### Material for this exercise
┌────────
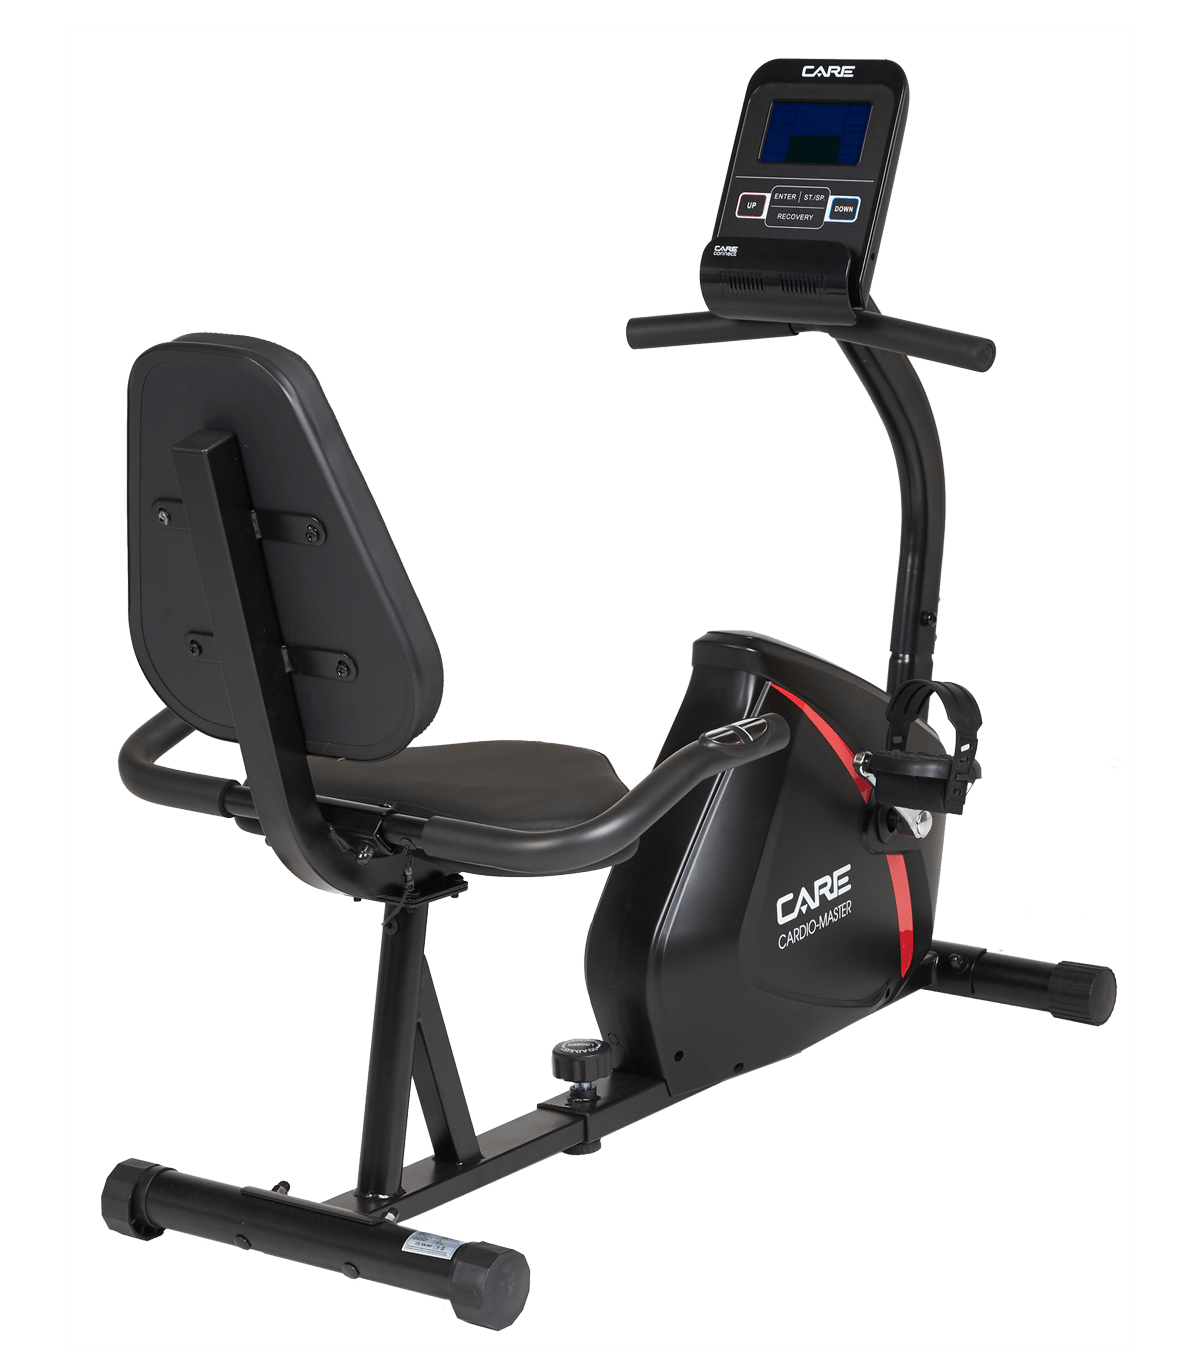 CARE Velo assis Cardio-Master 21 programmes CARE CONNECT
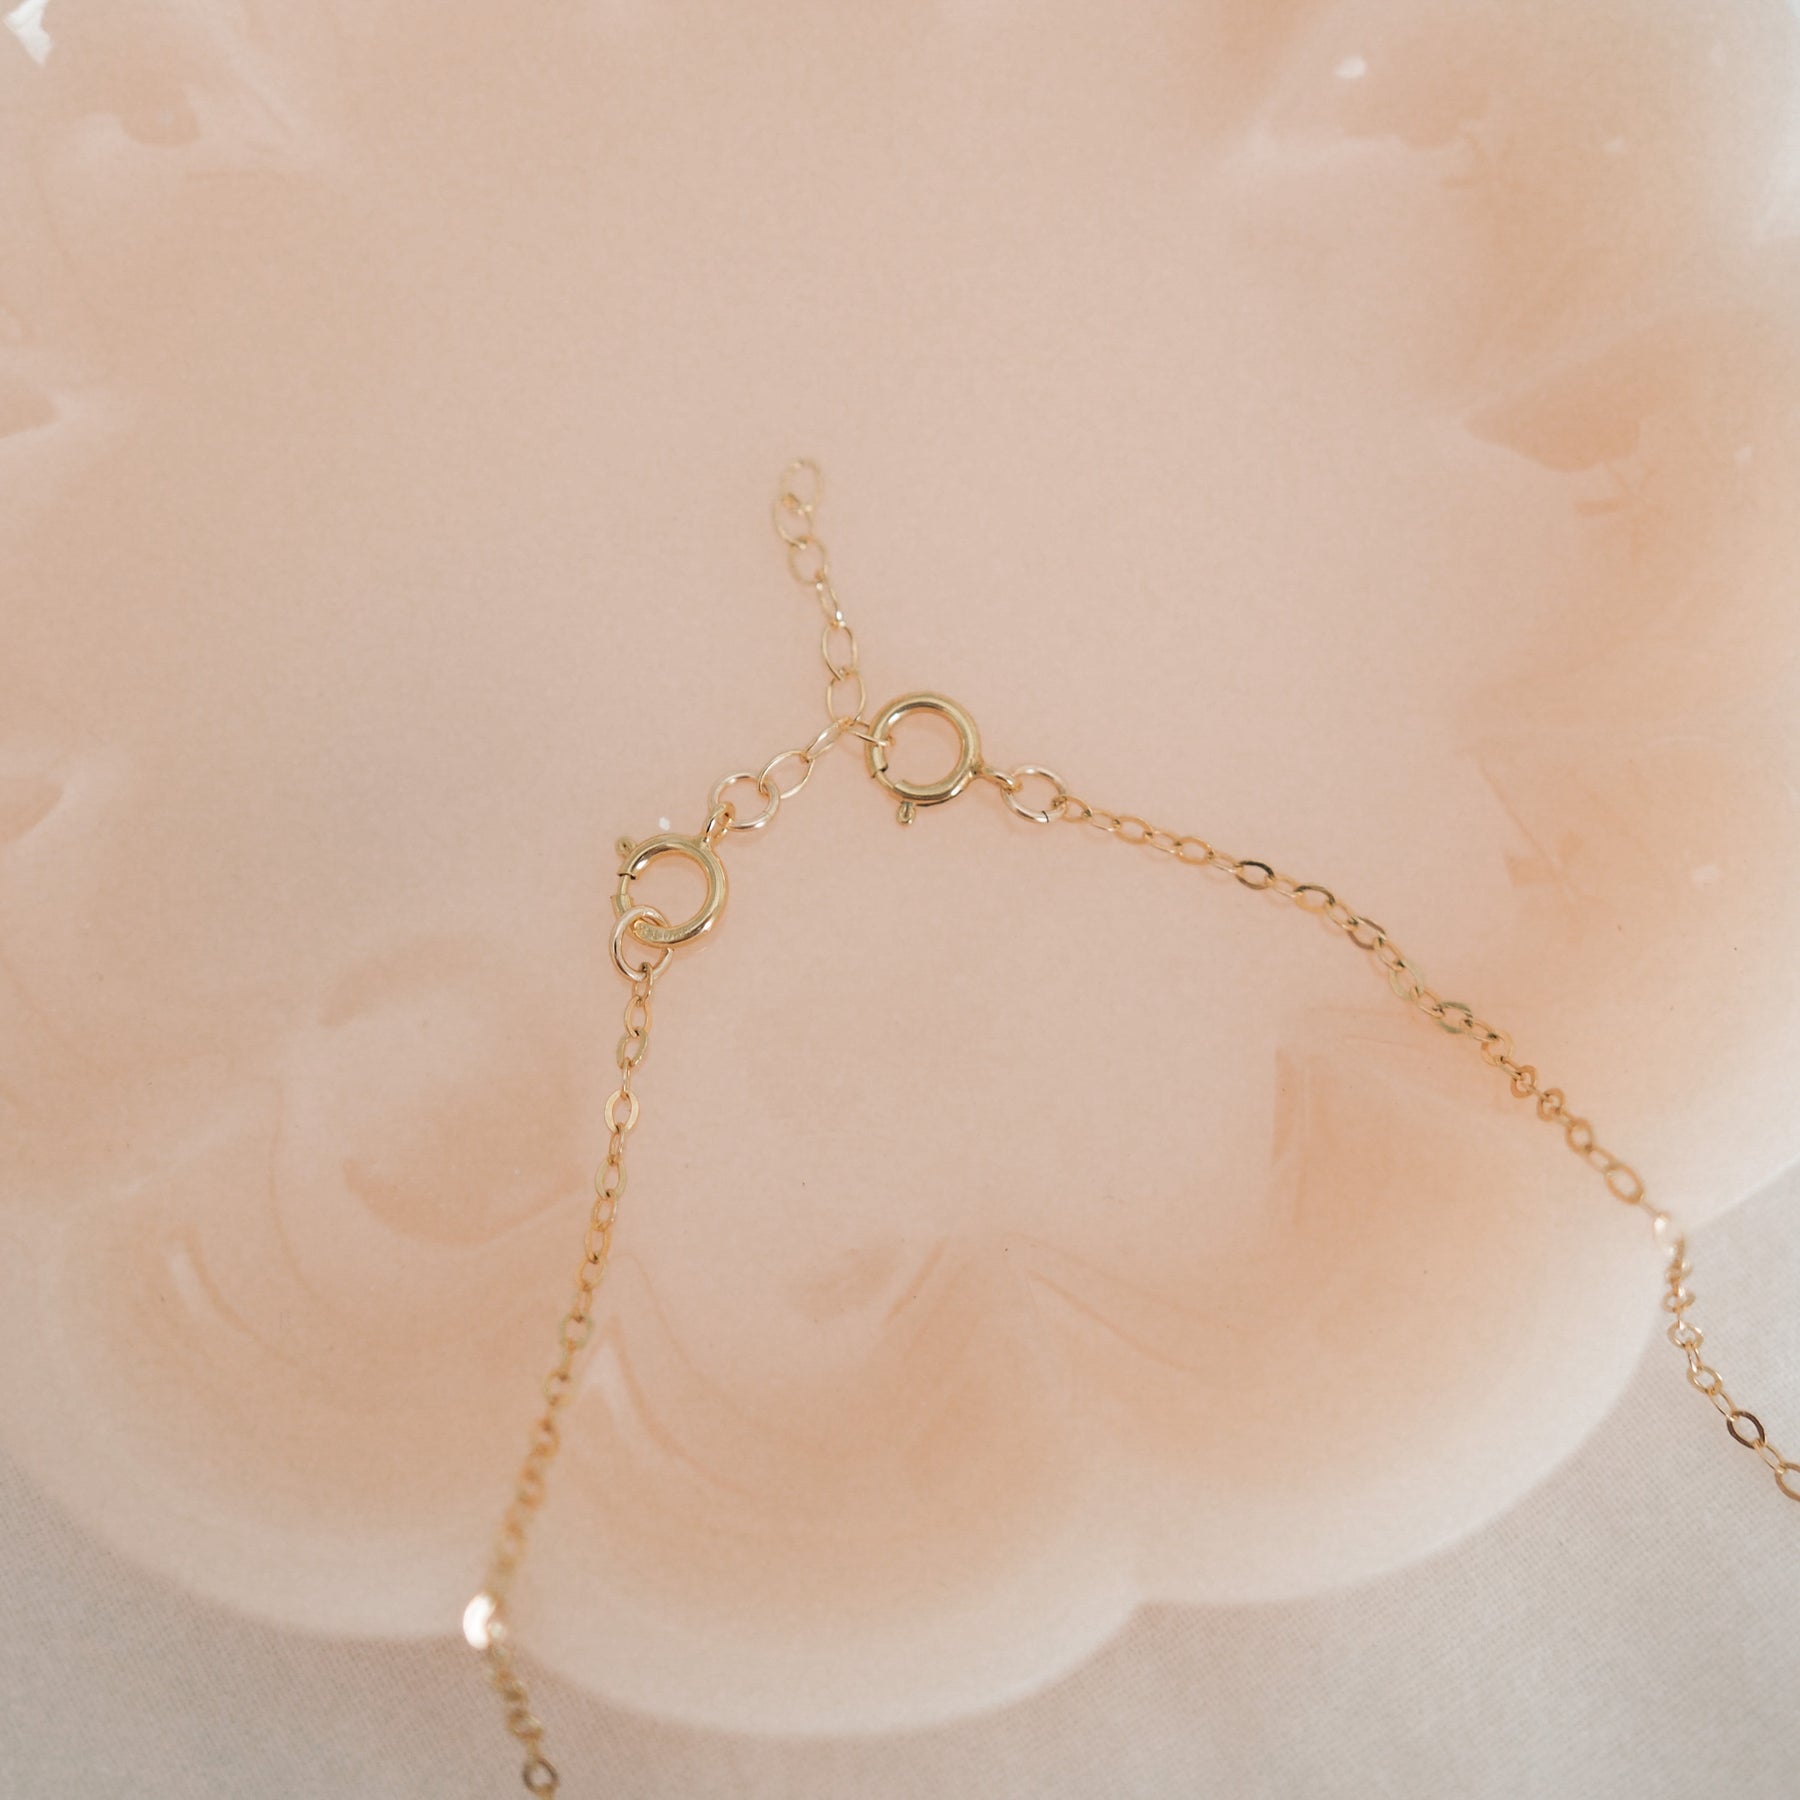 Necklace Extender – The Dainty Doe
└────────
┌────────
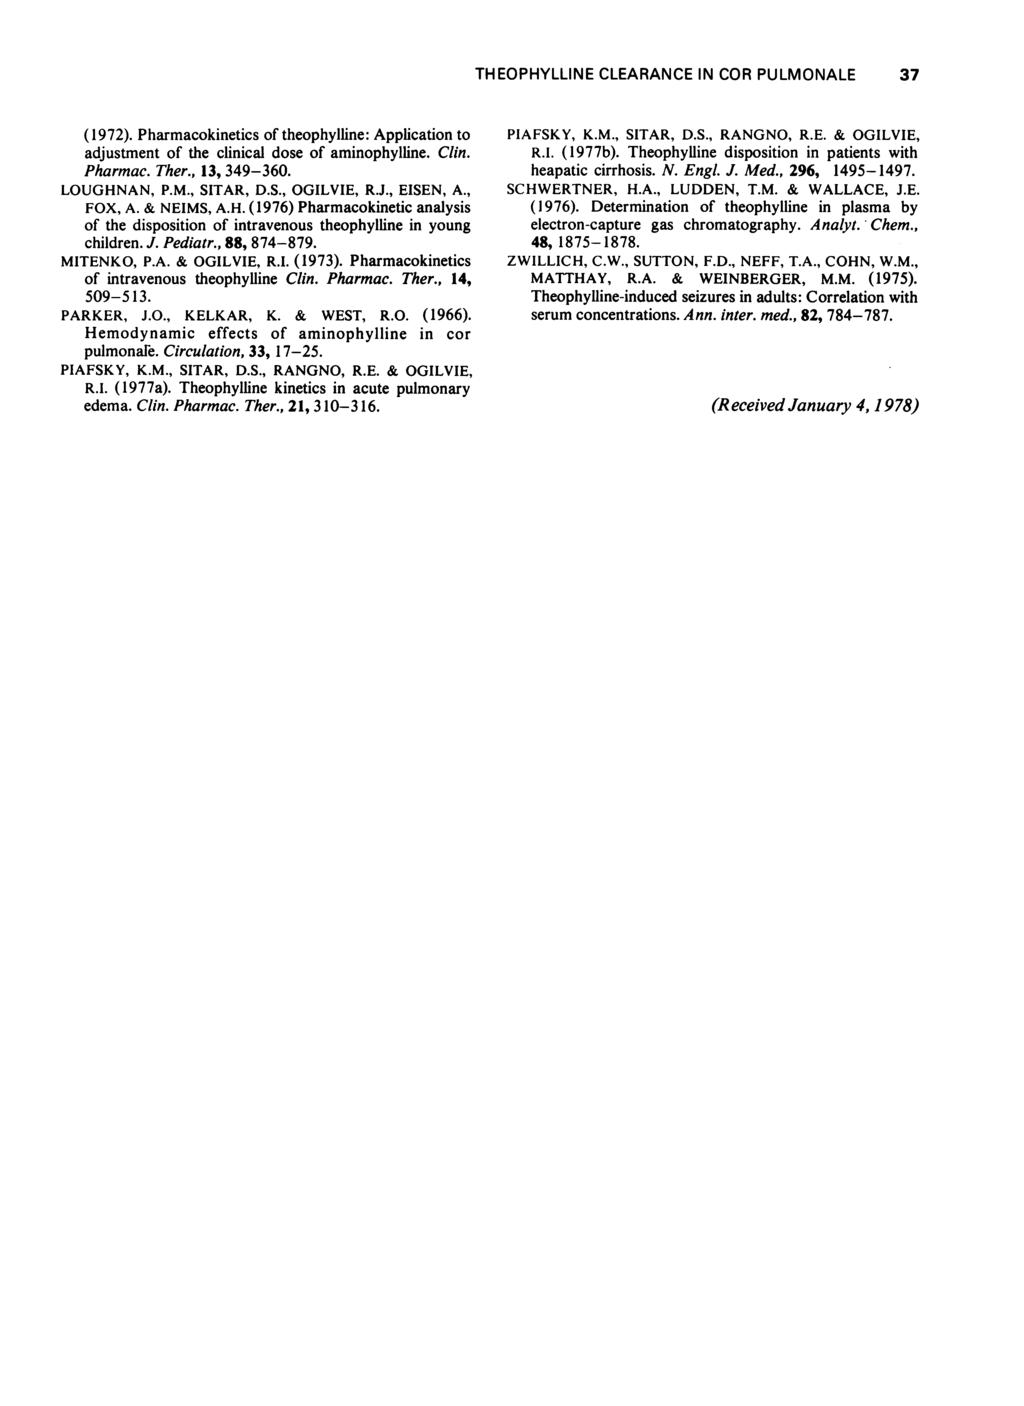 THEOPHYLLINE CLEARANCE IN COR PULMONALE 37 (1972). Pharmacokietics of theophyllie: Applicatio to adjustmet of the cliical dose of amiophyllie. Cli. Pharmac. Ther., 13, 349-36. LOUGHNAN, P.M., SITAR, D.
└────────
### Problem to work on
Please repeat, exactly as written, the lines in the records above, starting with the one that has "CARE Velo assis" and going on through the one that has "Necklace Extender – The Dainty Doe". Pictures are to be left out.

### Answer for the task
 CARE Velo assis Cardio-Master 21 programmes CARE CONNECT
 Necklace Extender – The Dainty Doe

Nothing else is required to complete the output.